All five of the young characters get to be viewpoint characters, so we get to see inside their heads and understand why they act the way they do. Nobody acts out of character, and the ways in which they change are organic and believable. The plot fits together like a watch, with no excess parts, and the challenges they face include realistic injuries. The end, while giving a sense of hopefulness, isn't all neatly tied up in a bow for all the characters, which I liked.

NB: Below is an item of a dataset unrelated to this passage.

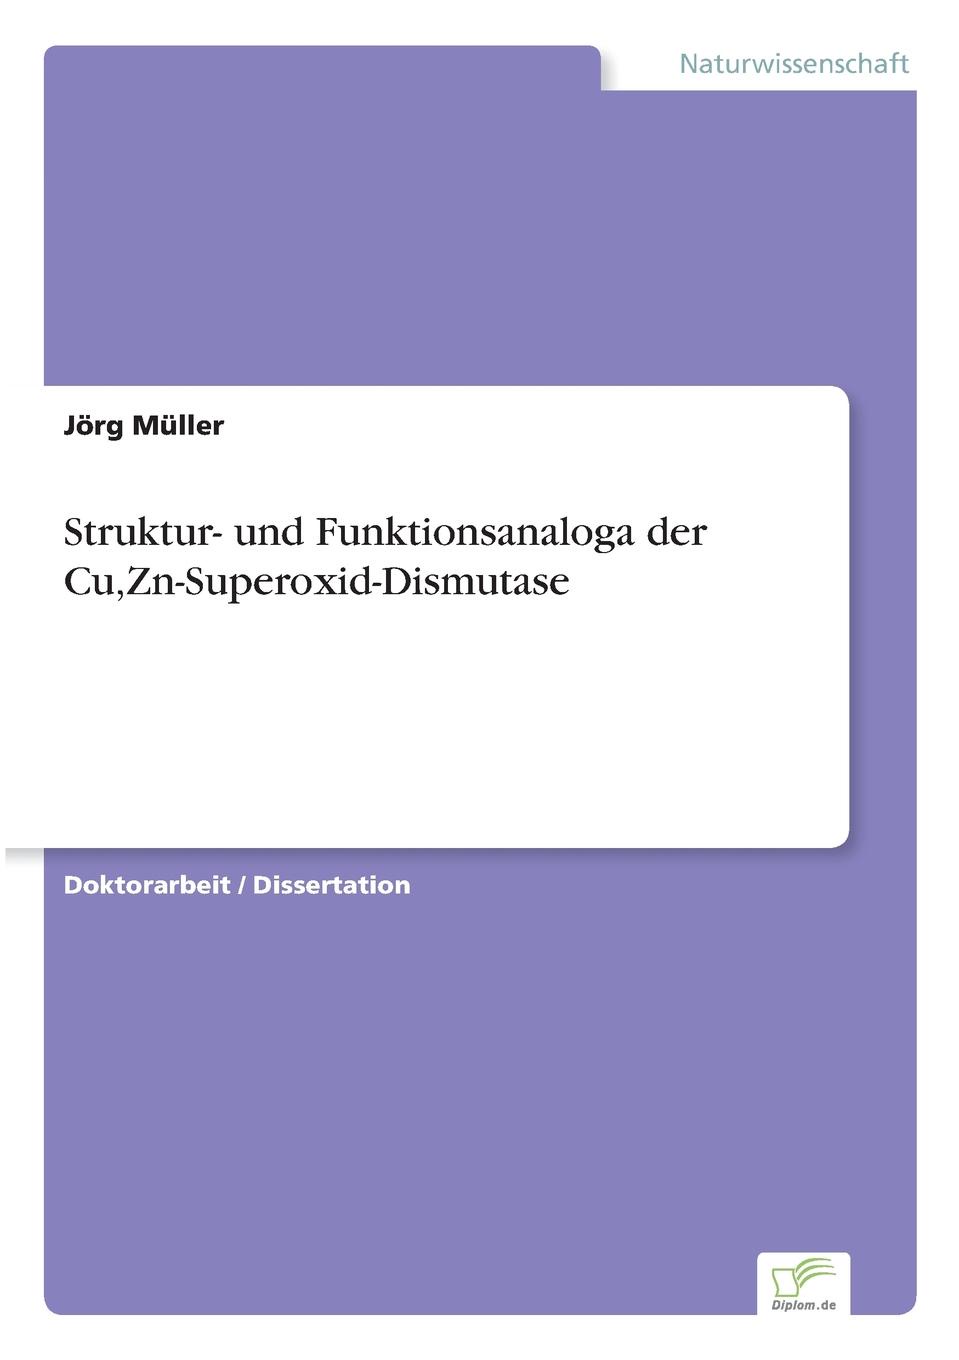 Jörg Müller Struktur- und Funktionsanaloga der Cu,Zn-Superoxid-Dismutase
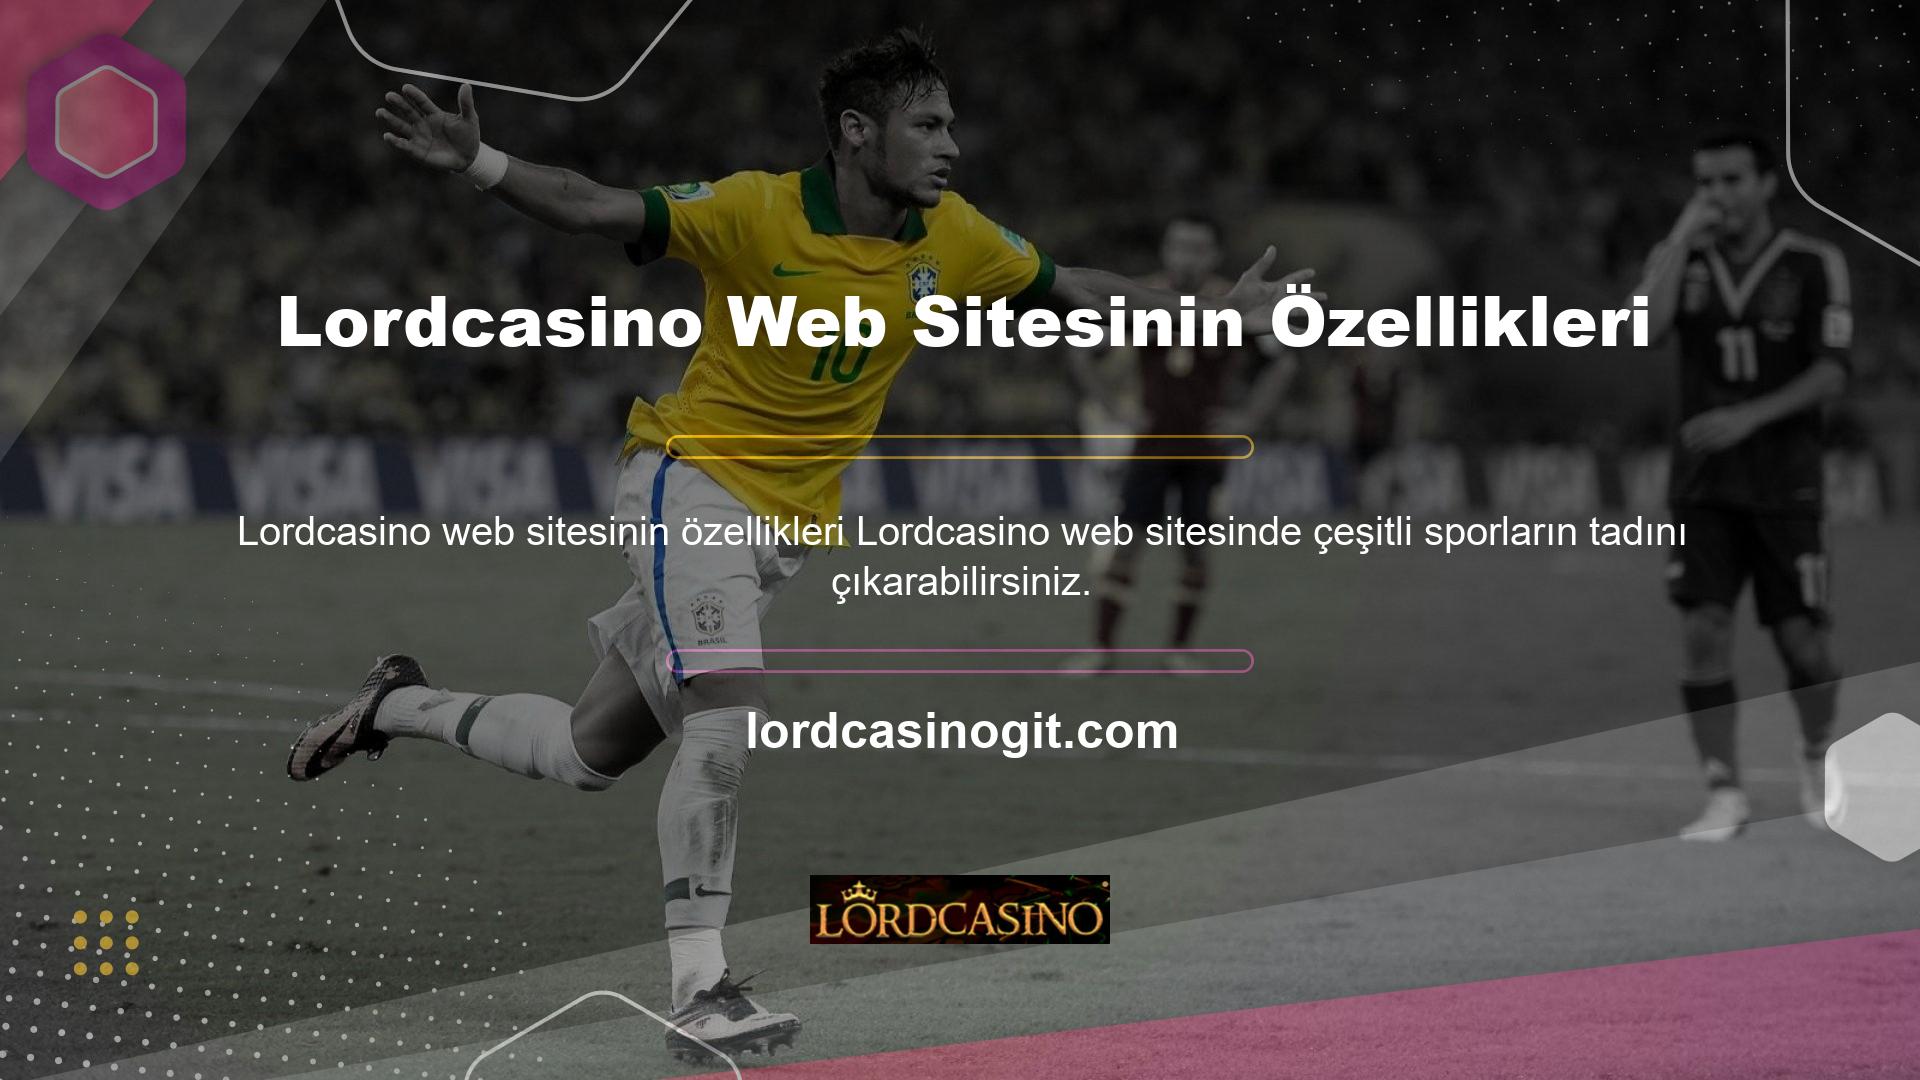 Yazının başında da belirttiğimiz gibi Lordcasino sitesi spor tahmin bölümü olan bir sitedir

I have a special fondness for Derelict, because it was seeing Chris Howard's amazing cover for it that led me to ask him to do my book covers (one of my better decisions). I was also a beta reader on a much rougher earlier version. This version has been tightened up a lot, the more obviously-cribbed-from-Star-Trek elements rewritten and some (though not all) of the more obvious technobabble problems and science problems fixed. In the version I just read, there are a number of missed copy edits and a few points at which it's not immediately clear who's speaking, but I've sent the author some notes and hopefully she will fix those before publication. I know her on Google+, if that's not already obvious; we've beta-read for each other, and I received a copy from her at no charge for purposes of review.
I give four stars to any book I enjoy that isn't also a triumph of beautiful writing and/or a profound reflection on the human condition. While Derelict doesn't, by that definition, reach the five-star level (nor is it aiming to), on my subscale within four stars, where 0 is "just above mediocre" and 9 is "just below amazing", I'd have to put it at least at a 7, knocking confidently on the door of 8.